Обезвреживание наряду с перевариванием, выживание не только благодаря пище, но и вопреки ей – травоядным без таких приемов не прожить. Совместив способности микробов и собственные пищевые стратегии, растительноядные получили возможность питаться любой зеленью, что найдут. Растениям приходится все это терпеть, но они вроде бы справляются. Креозотовые кусты, будучи основной пищей пустынных хомяков, остаются главным растением пустыни Мохаве. Сколько бы северные олени ни щипали лишайники, они все равно растут по всей тундре. Эвкалипты постоянно лишаются листьев из-за коал, но в Австралии и прогуляться нельзя так, чтобы хоть на один не натолкнуться. Даже с кофе, к счастью, все будет в порядке. Однако иногда микробы заходят со своим обезвреживанием слишком далеко. Иногда растениям приходится совсем несладко.
Пролетая над лесами на западе Северной Америки, вы, скорее всего, заметите крупные участки деревьев с порыжевшими кронами или голыми ветвями. На первый взгляд они, может, и похожи на живописный осенний пейзаж, вот только на самом деле это натюрморт. Эти деревья – сосны. У них не должны рыжеть иголки. Это вечнозеленые растения – точнее, были бы таковыми, если бы не погибали в столь огромных количествах. А кто убийца? Сосновый лубоед Dendroctonus ponderosae – иссиня-черное насекомое размером с зернышко риса. Он проникает под кору дерева и создает там длинные коридоры, по пути откладывая в них яйца. Личинки, вылупившись из яиц, пробираются внутрь к лубяному слою, чтобы питаться его соком. Один жук – не проблема, но в одном дереве поселяются сразу тысячи. Отодрав кусок коры, вы увидите их творение – целый лабиринт тоннелей, проходящих по всему стволу. Лубоеды лишают дерево большей части питательных веществ, так что оно начинает погибать. А заодно и дерево рядом с ним. И все их соседи. Целые акры деревьев рыжеют и умирают[305].

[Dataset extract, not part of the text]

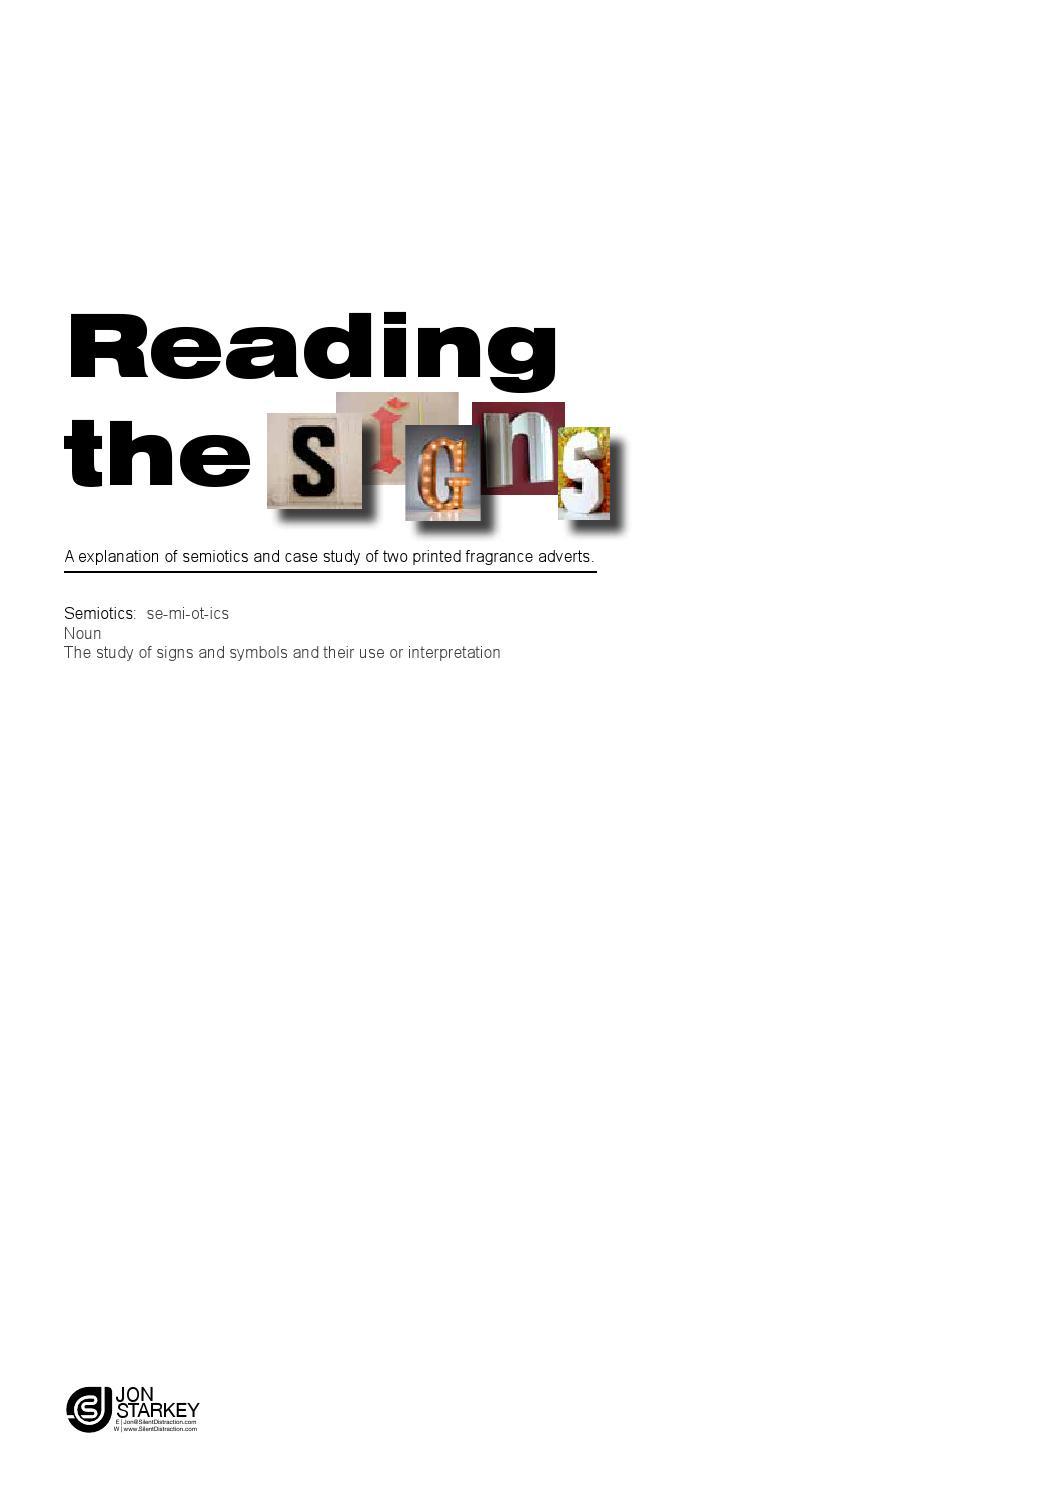 Reading the signs semiotics by silentdistractiondesign issuu buycottarizona Choice Image

Сообщники лубоеда еще меньше, чем он сам, – куда бы он ни направился, его сопровождают два вида грибов. Они для жука – пищевые добавки, как Buchnera для тлей. Сами жуки обитают прямо под корой, питательных веществ там немного. Грибы же врастают в ствол и добираются до недоступных жукам запасов азота и других необходимых для жизни веществ. Добравшись, они начинают перегонять вещества ближе к поверхности ствола – в пределы досягаемости личинок. «Эти жуки едят всякую ерунду, а грибы снабжают их питательными веществами», – объясняет энтомолог Диана Сикс, много лет изучающая лубоедов. Когда личинка жука наконец окукливается, грибы производят споры – прочные репродуктивные капсулы. Взрослая особь, вылупившись, укладывает споры в полости во рту, напоминающие чемоданы, и тащит их к следующей бедняге-сосне.